To do> Drop every picture, then print the rest of the listing exactly as given.

Data extract>
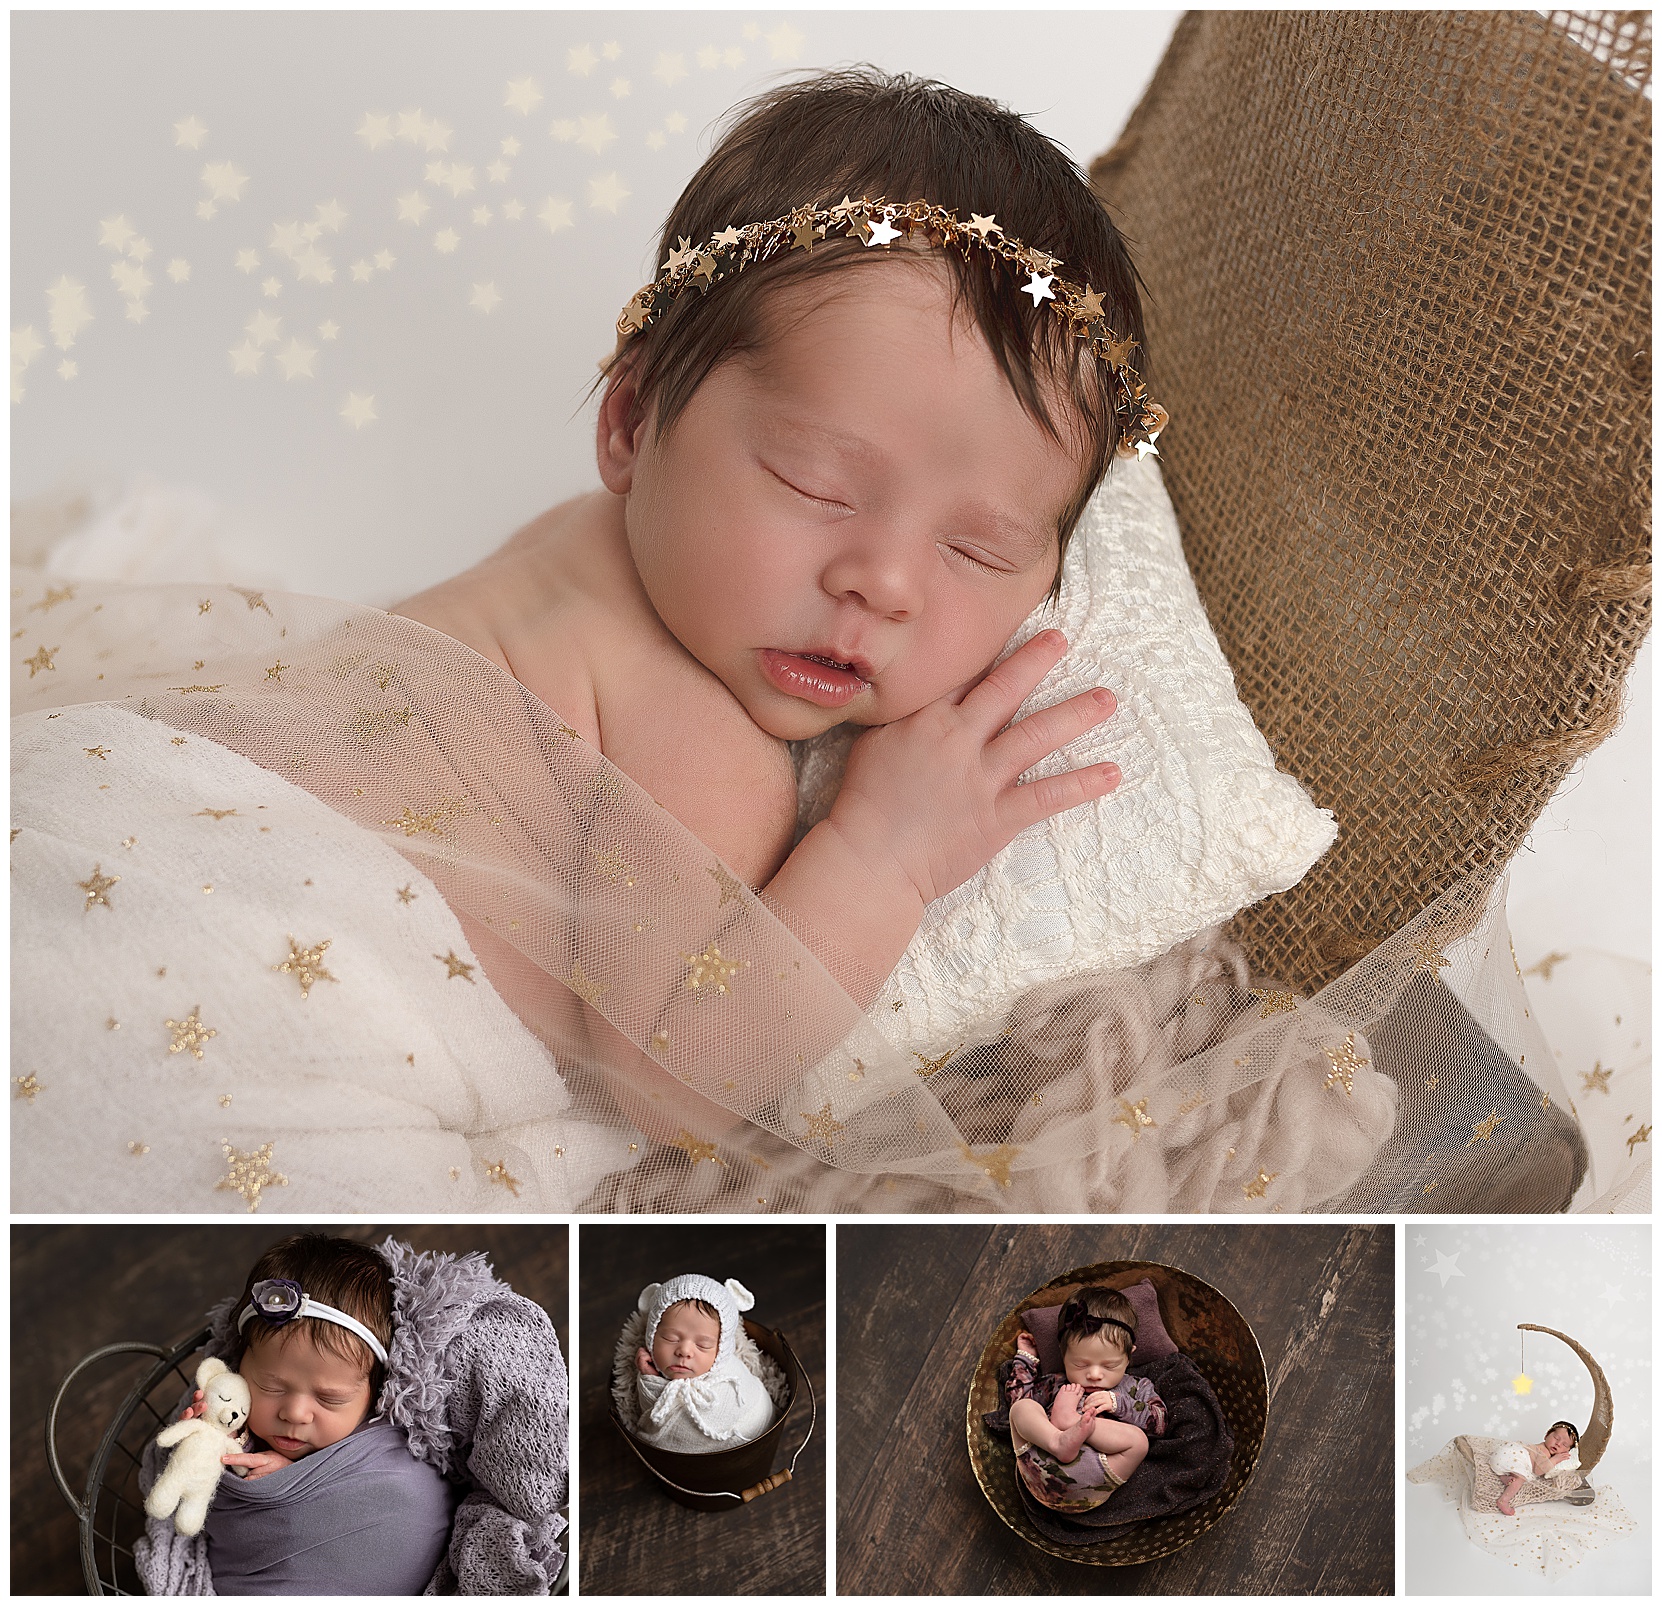 collage of a sleeping baby during her newborn photoshoot
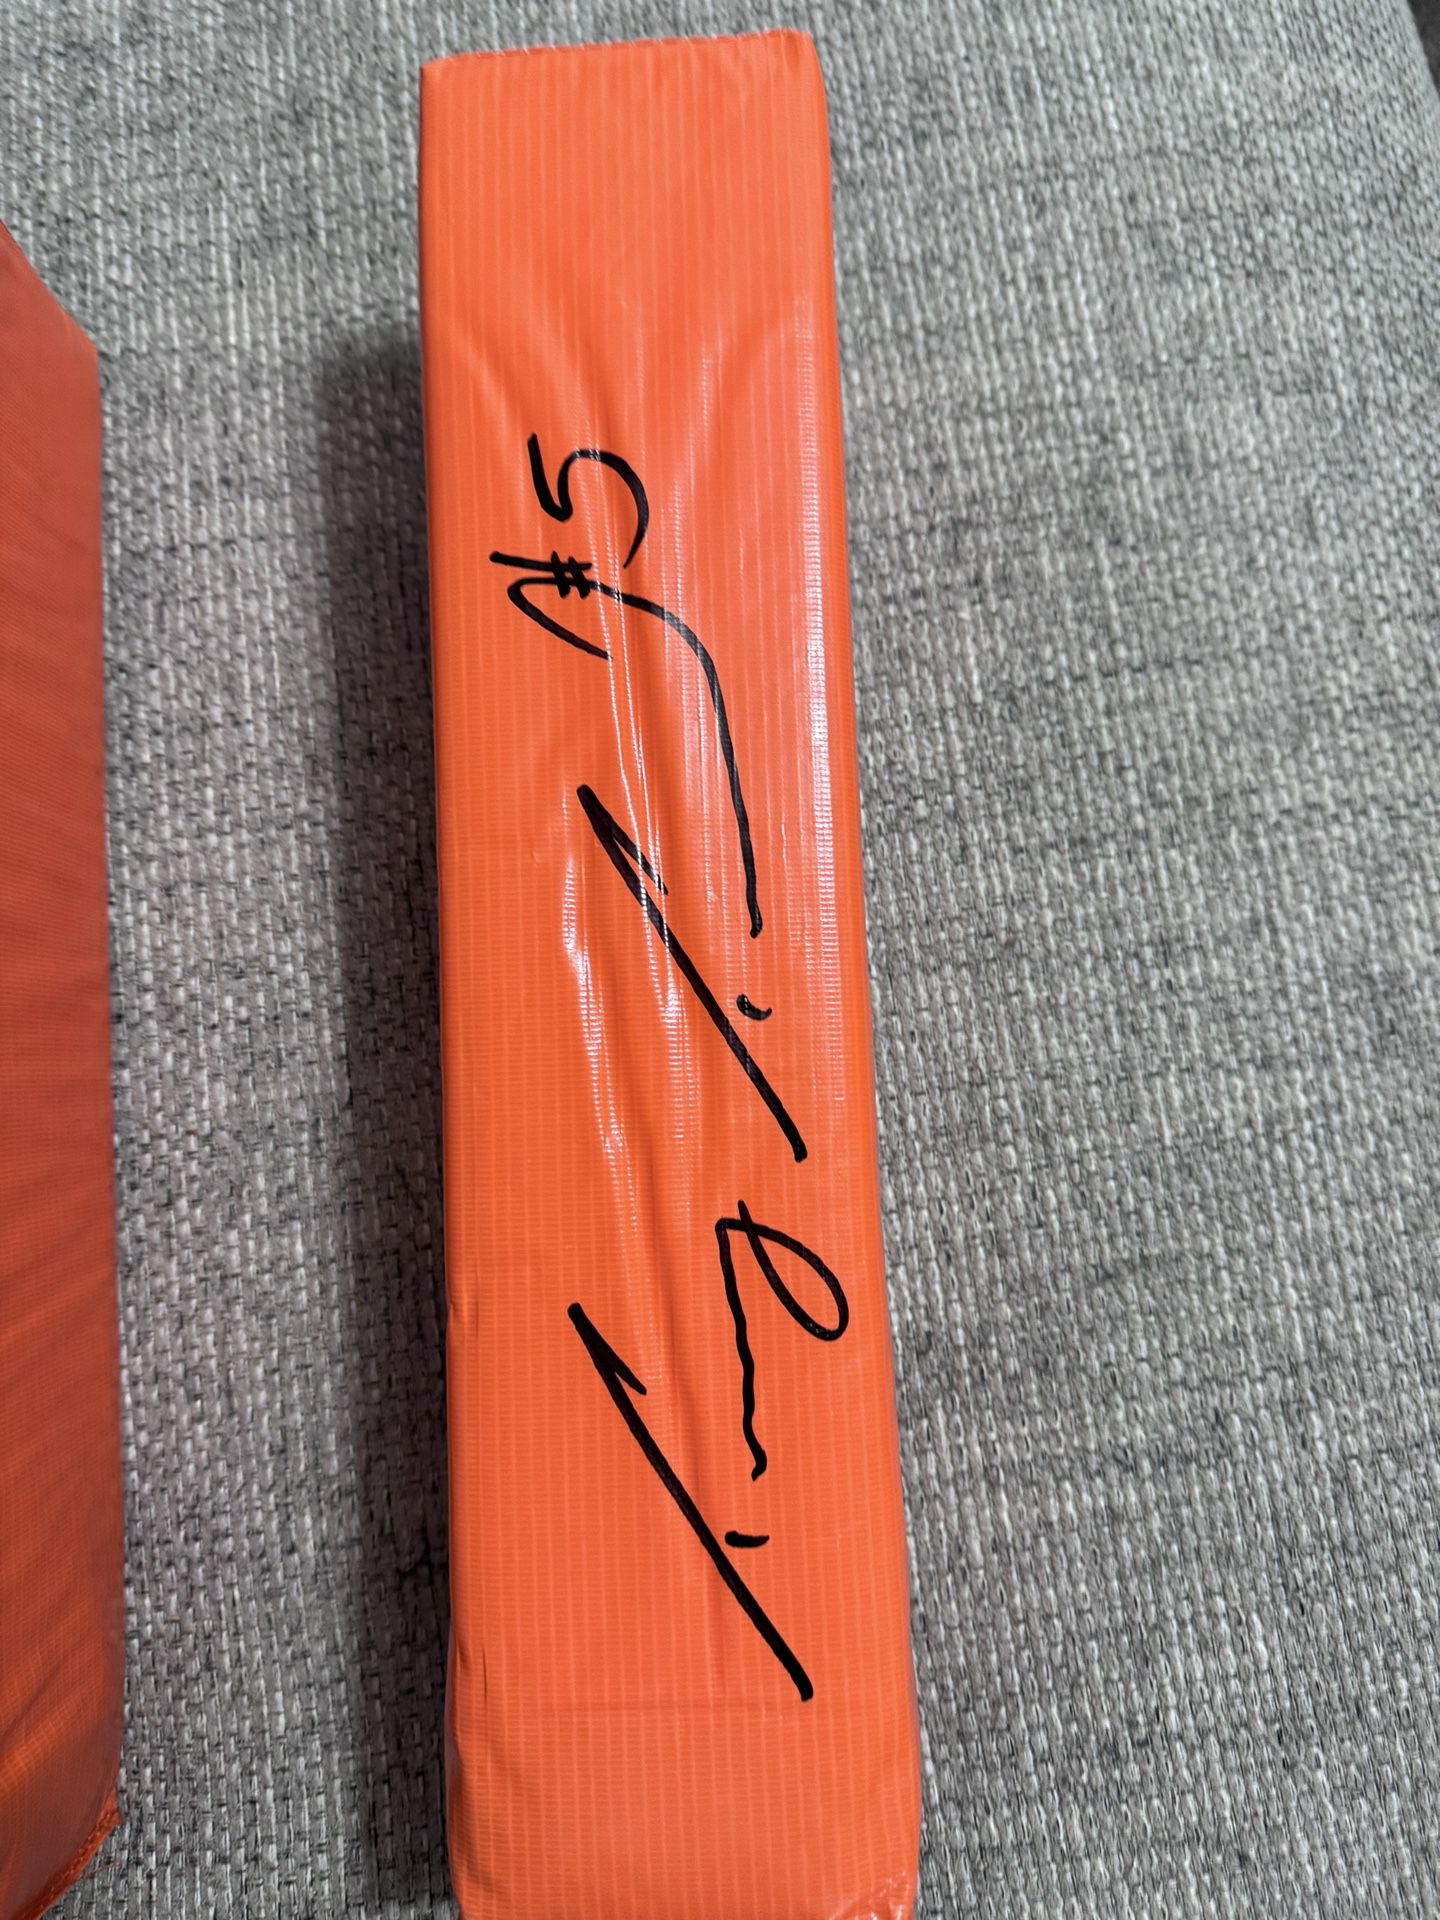 Tommy Townsend Signed Autograph End Zone Pylon - Beckett Witness Coa
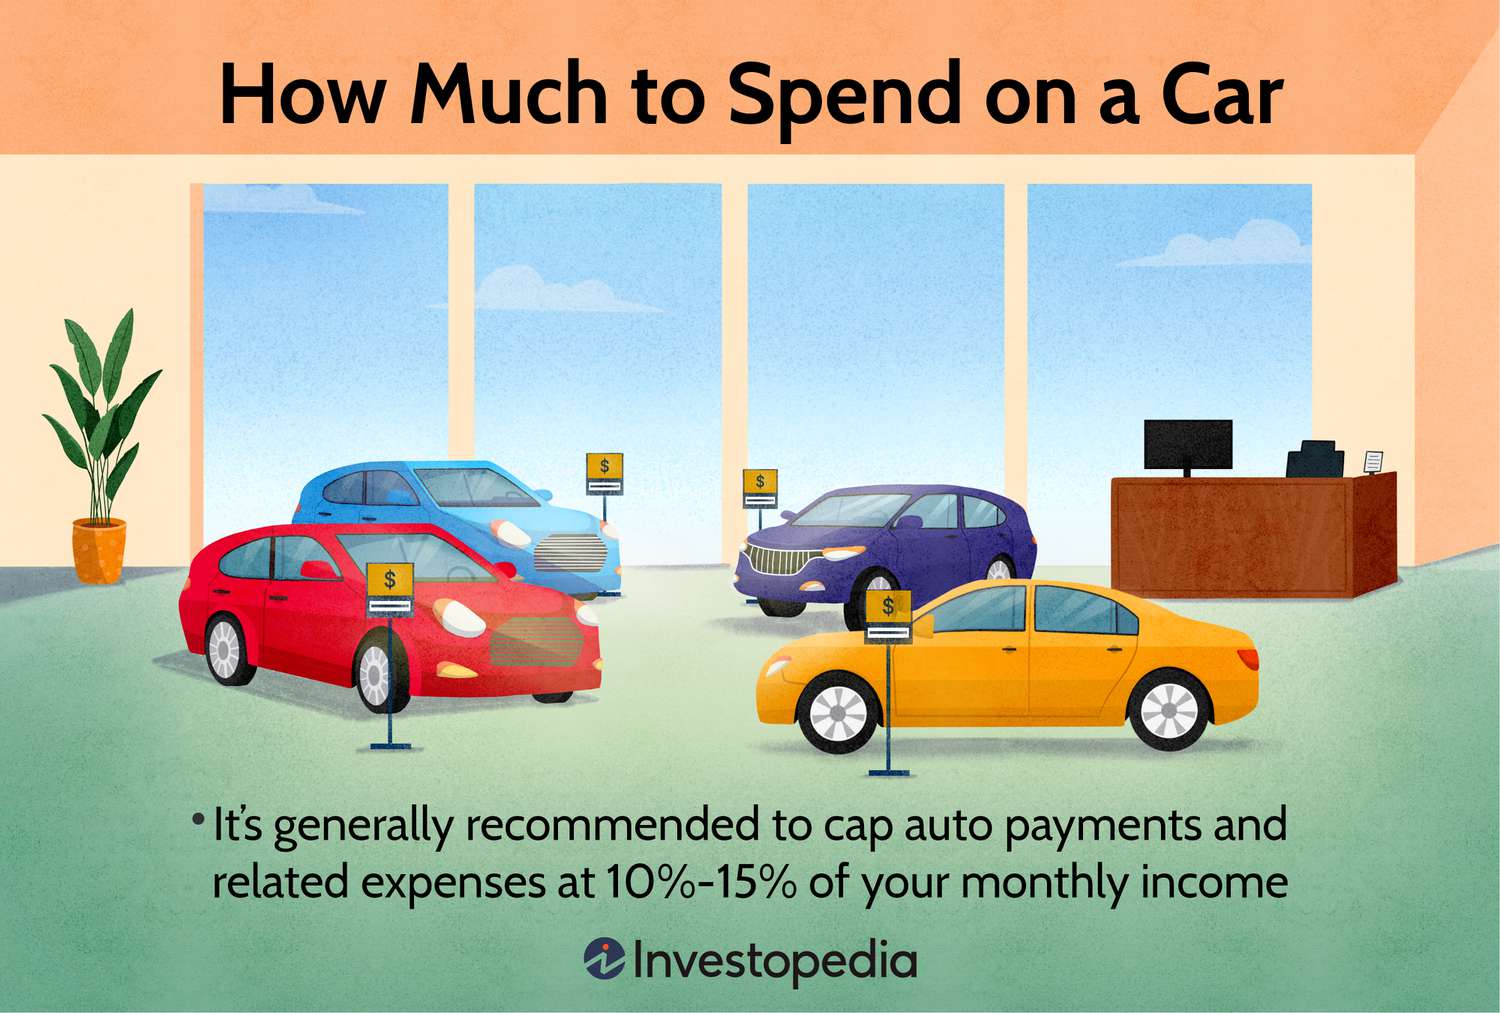 Car Finance Vehicles: Smart Strategies to Own Your Dream Ride

Response>
 collage of a sleeping baby during her newborn photoshoot
 Tommy Townsend Signed Autograph End Zone Pylon - Beckett Witness Coa
 Car Finance Vehicles: Smart Strategies to Own Your Dream Ride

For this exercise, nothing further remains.